In the viewpoint of strict color management, the next weakest link is your display. Caveat: When strict color management says ‘display,’ it always contains the room where the display is installed. Replacing a ‘display’ means tweaking a room. In common senses, your room is the next weakest link.

I don’t recommend tweaking your room. It is never a good value for the cost. There is a better way for you: Unreliable display.

You should be familiar with unreliable narrators in many stories. They often tell blatant lies, but the narrated stories make sense for the most part. We can distinguish the lies from reasonable stories. Sometimes the distinction is impossible or subjective, and this is the charm of fiction.

You can treat your display like the unreliable narrator. Learn mannerisms of your display. Verify it by your printer (calibrated by Zygomatic Color).

One more problem: Gamut. The iPhone has a wide gamut display and cameras. Many printers have wider gamuts than sRGB. Can you live without a wide gamut display? Yes you can, as far as you can live with an unreliable display. Usually you can find some nuance of out-of-sRGB colors in Photoshop. You should verify out-of-sRGB colors by your printer, of course.

Buy a dichroic halogen lamp

No matter how you are frugal, you need a good illuminant. Even if you use it just for viewing your products, you need it. Fortunately, the best one is free: The sunlight. But if you work at night, or you need a very stable illuminant, the sunlight isn’t for you. In such cases, you definitely need to enforce the link by spending your money.

There is a sad fact: High CRI LEDs are not enough. If you don’t need very accurate color, high CRI LEDs are excellent. If you do, CRI 95 is not enough. You can clearly find the difference between a CRI 95 LED and a dichroic halogen lamp. Even for casual color management, CRI 95 is OK, not fine. You can manage to do with it. But I recommend you to buy a dichroic halogen lamp. It is 30 USD including a clip lamp holder.

Do you need a camera besides you have an iPhone?

Once you have enforced your illuminant, the next is your camera. Never reverse the order. Camera is less weak link than illuminant, in most cases. But a paradox is here. Xenon flash is an excellent illuminant, but it requires an expensive camera.

Xenon flash has a lot of virtues. It is stable. It makes little heat. The light contains much UV which excites fluorescent agents.The color rendering is perfect. But built-in flash isn’t for you, because it makes noisy reflection on the object. External Xenon flash is for you. And it requires a hot shoe, which phones never have and many point-and-shoot cameras don’t.

So the budget might be bigger than you wish. Under 500 USD for the total system is hard to achieve, I guess. “Oh no, I’ll stick on my iPhone and dichroic halogen lamp,” that’s a good decision.

If you go to a camera and Xenon flash, there is good news and bad news. Good news is a secondhand camera is enough for you. Don’t pay a premium price for a new one.
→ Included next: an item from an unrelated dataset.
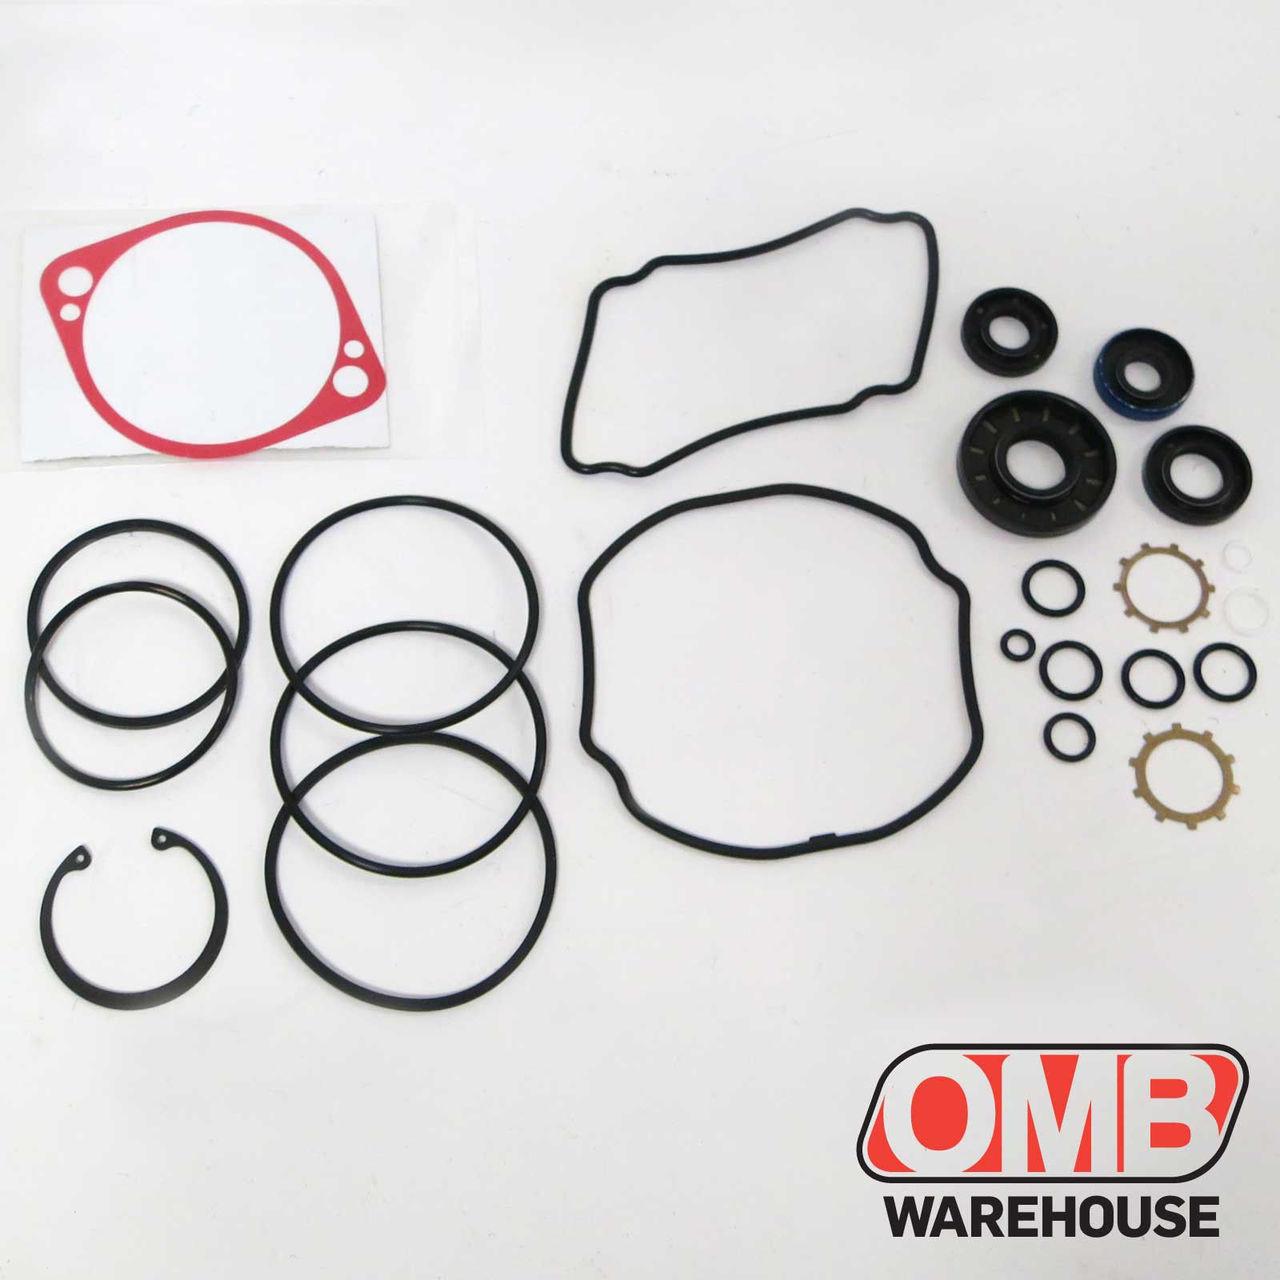 (2) Hydro Gear 70525 OEM BDP-10A Overhaul Gasket Seal Kit Fits Husqvarna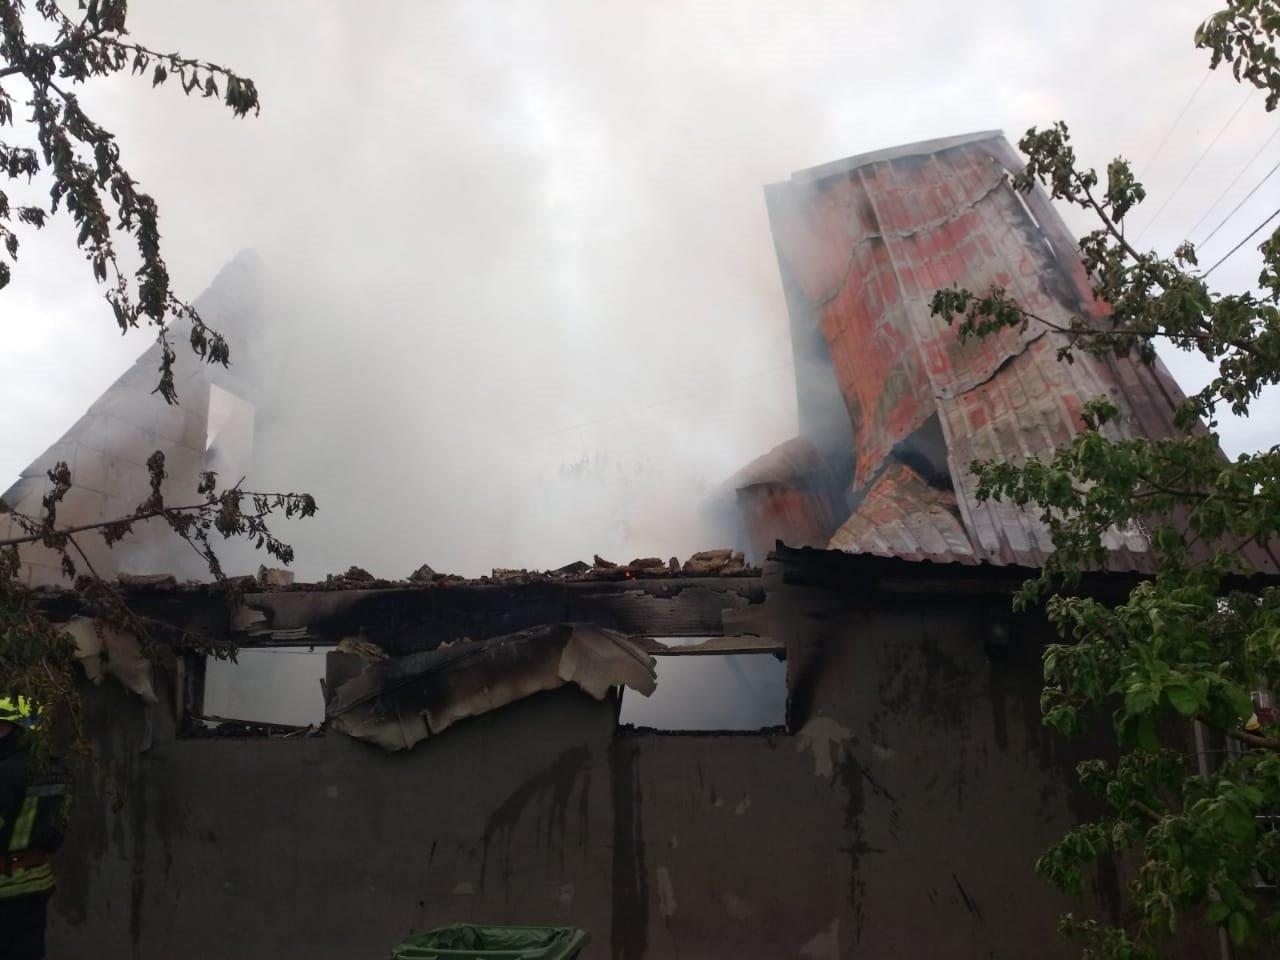 На Днепропетровщине произошел пожар на территории садового общества, - ФОТО, фото-1

Bad news is we cannot know which is the most colorimetric camera. The problem touches quite deep esoteric information.

A tunable light source (wavelength variable monochromatic light source) is absolutely necessary for measuring colorimetric performance. About some cameras, we can find measurement results in scientific articles. But the information is too sparse to know the best one. A tunable light source is 20,000 USD. No hobbyist has such a thing. DxOMark makes public Sensitivity Metamerism Index of many cameras in their site, but the meaning is questionable. Anyway I don’t trust any results without a tunable light source. In addition to that, lens coating often absorbs near-UV and near-IR which image sensors can be sensitive.

The bottom line is, I weakly recommend Canon. But if you already have another camera with a hot shoe, don’t replace it before you find any problem.

Scanners in all-in-one printers are… um…

Finally…

I regret to announce you: Scanners in all-in-one printers are not for you. You need a discrete photo scanner if you need accurate color.

Zygomatic Color depends on flatbed scanners at your hands. All-in-one printers are everywhere, but discrete photo scanners are uncommon. I wish all-in-one printers were enough for Zygomatic Color! No, it isn’t. C’est la vie.

If you never had any experience with a discrete photo scanner, try it. The difference is astonishing.